Let's Talk, Succinctly

[2024-09-05 16:00:00 +1000]

SP1 pipeline diagram from Uma Roy's Frontiers 2024 presentation

After narrowly catching the tail end of brat summer in the US, I had hoped that we could bring it to the Antipodes for our summer; although that ship has now sailed. One ship that hasn't sailed is that of ZKP-based blockchain scaling, which brings us to what I'm coining Succinct summer. Succinct takes RISC-V machine code (specifically, RV32IM) and produces proofs as to its (concrete) execution in zero-knowledge. This means that our favourite LLVM-based programming languages Just Work(TM)—Rust included. It's also very fast, and thus cheap, to use and if that's still insufficient then proof computation can be exported to a hosted platform. The Succinct stack can also verify mainnet EVM execution too.

Let's write a very simple program within the zkVM and learn stuff along the way.

Background

RISC-V

RISC-V is a family of open source RISC ISAs originally developed at UC Berkeley in 2010. Herein, I'll refer to RISC-V as both a plural and a singular noun at my convenience. It's a little endian, variably-encoded load-store register machine in 32-, 64-, and 128-bit word sizes. The RISC-V specification is structured in a modular fashion: there's a base instruction set with optional support for a variety of extensions like integer multiplication (yes that's right, you don't get that for free), floating point arithmetic, atomics, and more. Overall, it's a mature and much-loved royalty-free ISA which you can even buy consumer-grade SoCs for.

Succinct explicitly supports only a subset of the full specification (i.e., the specification with every extension enabled): RV32IM. Let's break that down:

ComponentMeaning
RVIt's RISC-V
32Words are 32 bits wide (i.e., XLEN=32)
IEverything is an integer
MThe integer muliplication extension ("M") is included

SP1

SP1 is the virtual machine Succinct uses. Although, just like "regular" userspace programming, SP1 refers to two things: the VM itself and the associated runtime environment supporting it. Specifically, SP1 is a zkVM—a VM operating in zero-knowledge. Above we established that SP1 implements RV32IM, but there are some added requirements:

A Note on Instruction Encoding

Another aspect in which SP1 departs from RV32IM is in its instruction encoding scheme. RISC-V defines two parameters that pertain directly to handling instruction encoding: IALIGN and ILEN. RISC-V mandates that IALIGN takes on a value of either 16 or 32—nothing else. Furthermore, ILEN must take on a minimum value of 32. If an implementation only supports the base ISA (i.e., RV32I or RV64I) then it has an ILEN value of 32.

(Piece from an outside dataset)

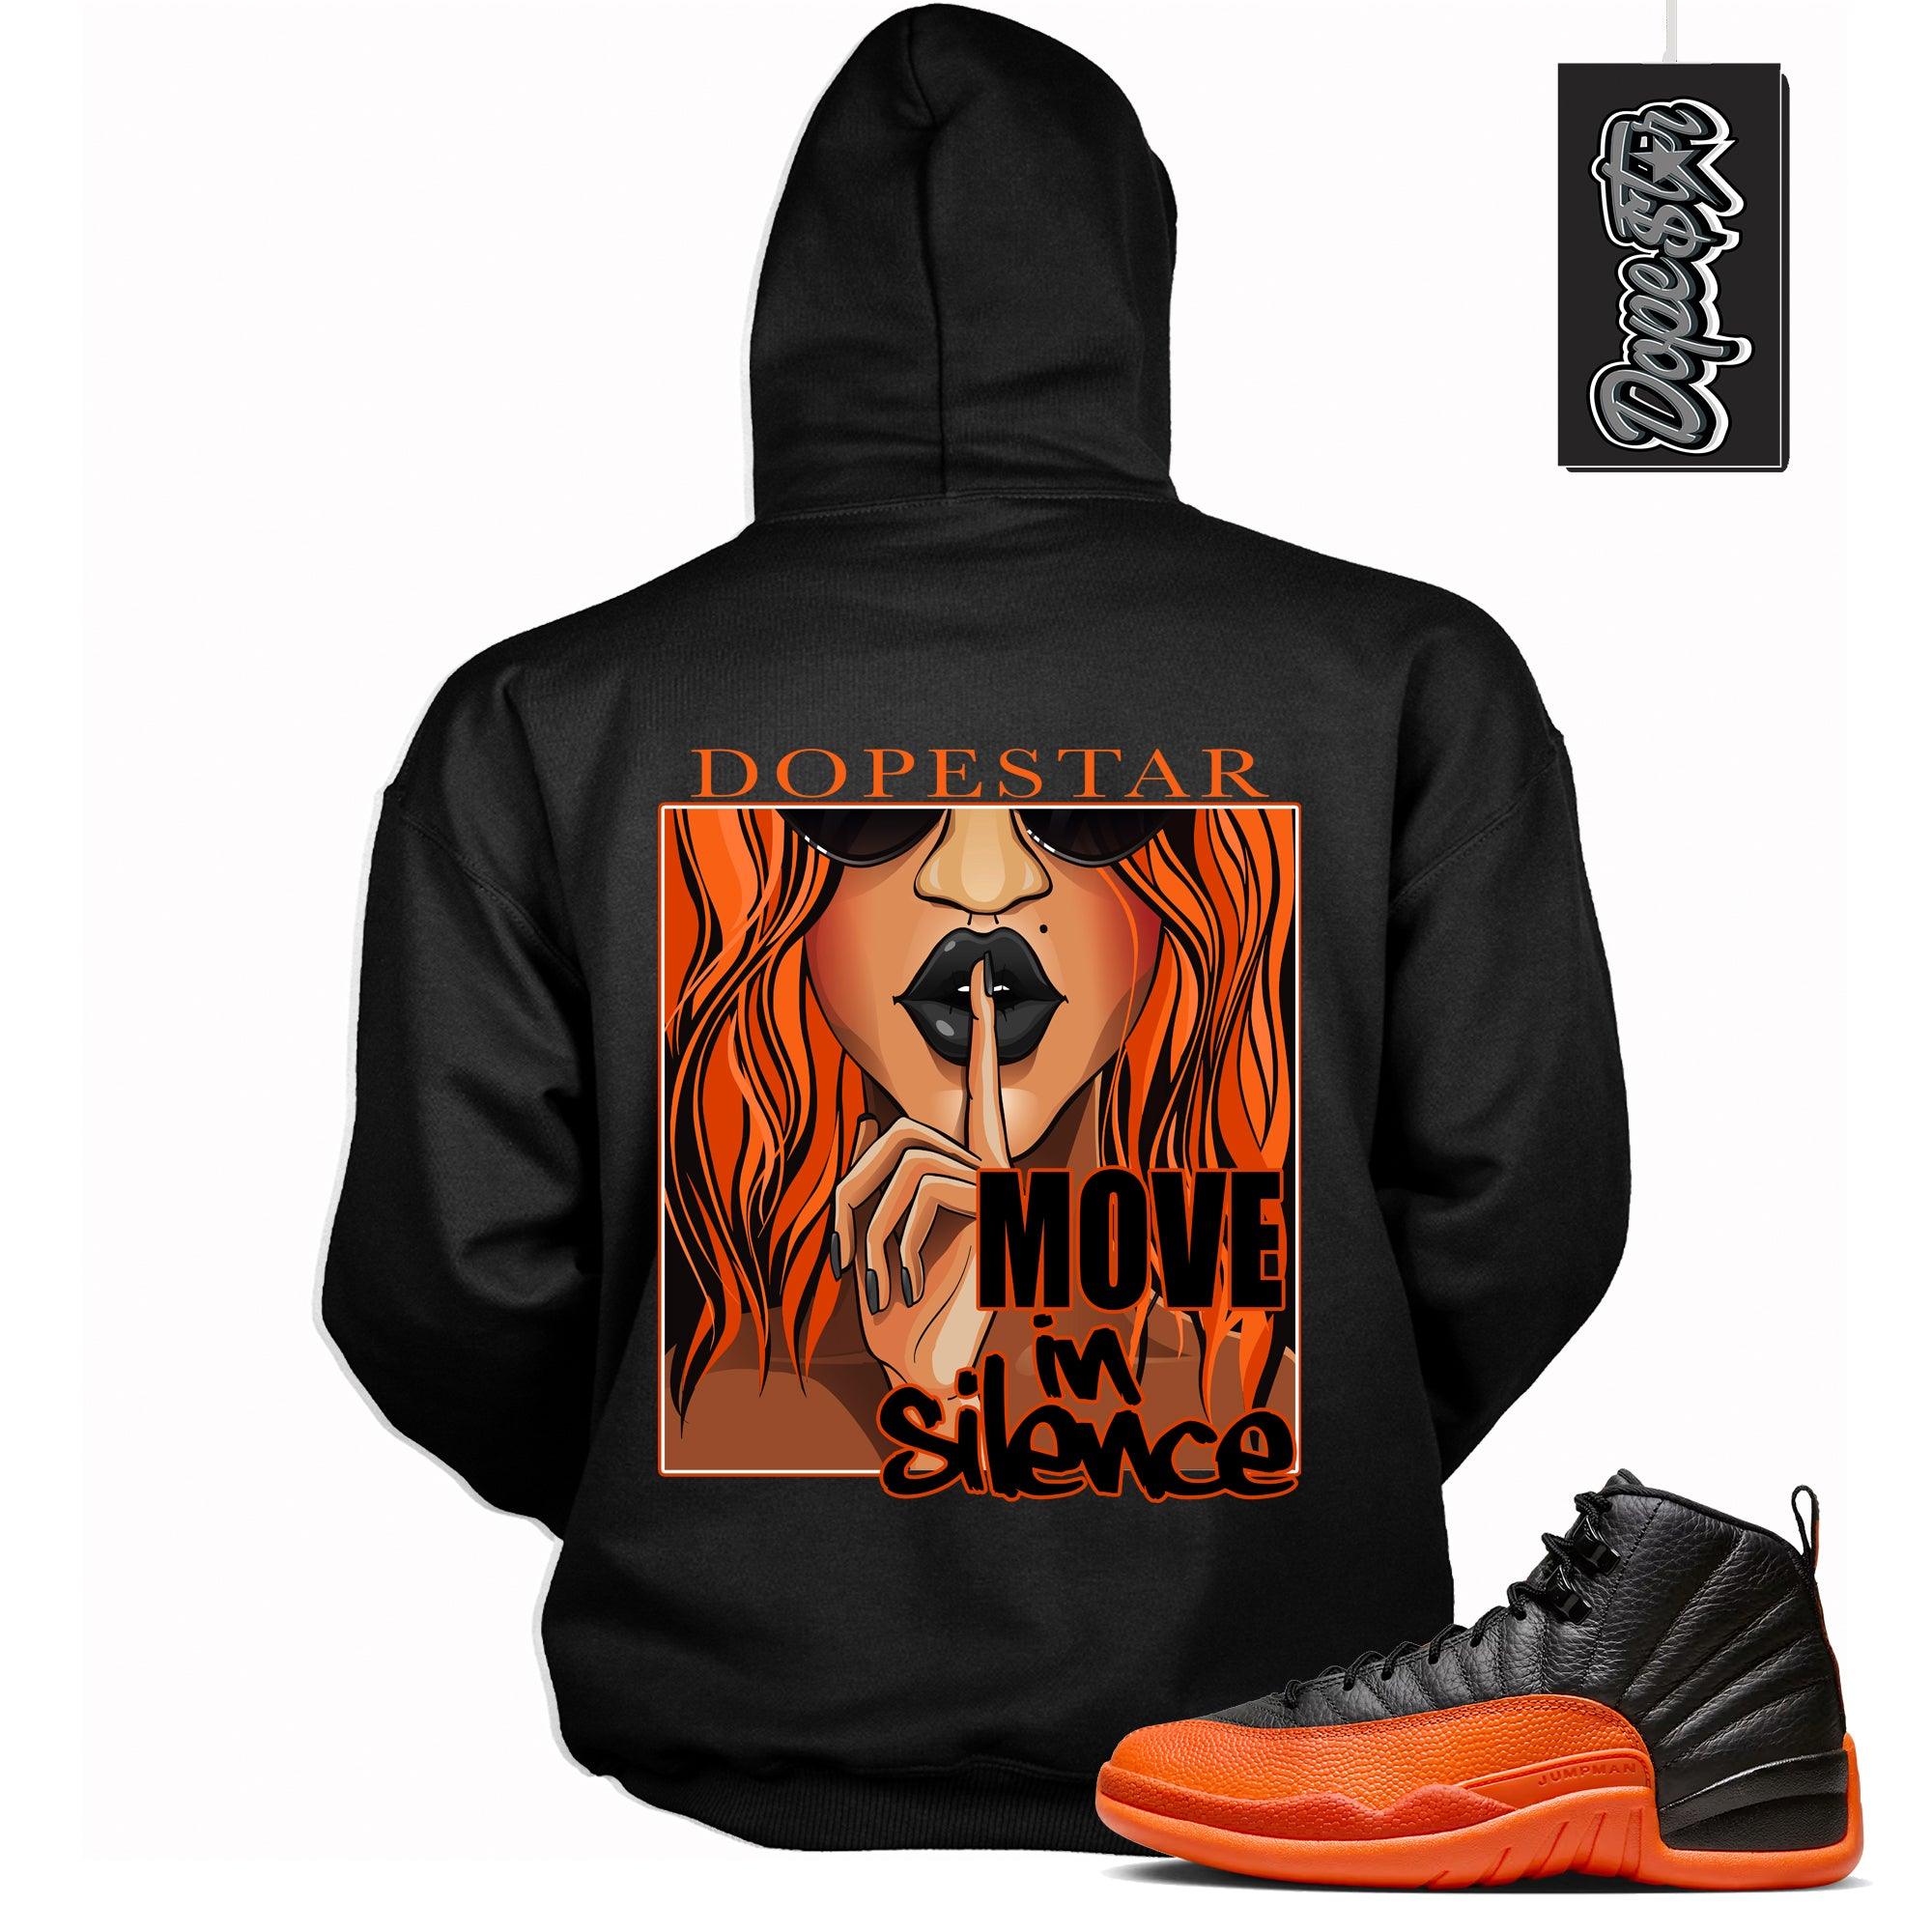 Cool Black Graphic Hoodie with “ Move In Silence “ print, that perfectly matches Air Jordan 12 Retro WNBA All-Star Brilliant Orange  sneakers

SP1 uses a custom encoding due to various ZKP-specific constraints. Namely, this avoids the need to perform instruction decoding from within the zkVM itself. It also lowers constraint complexity by storing the booleans in the Instruction type itself (essentially caching the results of a would-be decode).

/// RISC-V 32IM Instruction.
///
/// The structure of the instruction differs from the RISC-V ISA. We do not encode the instructions
/// as 32-bit words, but instead use a custom encoding that is more friendly to decode in the
/// SP1 zkVM.
#[derive(Clone, Copy, Serialize, Deserialize)]
pub struct Instruction {
    /// The operation to execute.
    pub opcode: Opcode,
    /// The first operand.
    pub op_a: u32,
    /// The second operand.
    pub op_b: u32,
    /// The third operand.
    pub op_c: u32,
    /// Whether the second operand is an immediate value.
    pub imm_b: bool,
    /// Whether the third operand is an immediate value.
    pub imm_c: bool,
}

Working With SP1

Succinct have a very clear tutorial in their documentation. This will more or less be the same except in more detail and will walkthrough the code iteratively. Instead of computing Fibonacci numbers, let's do a paraboloid.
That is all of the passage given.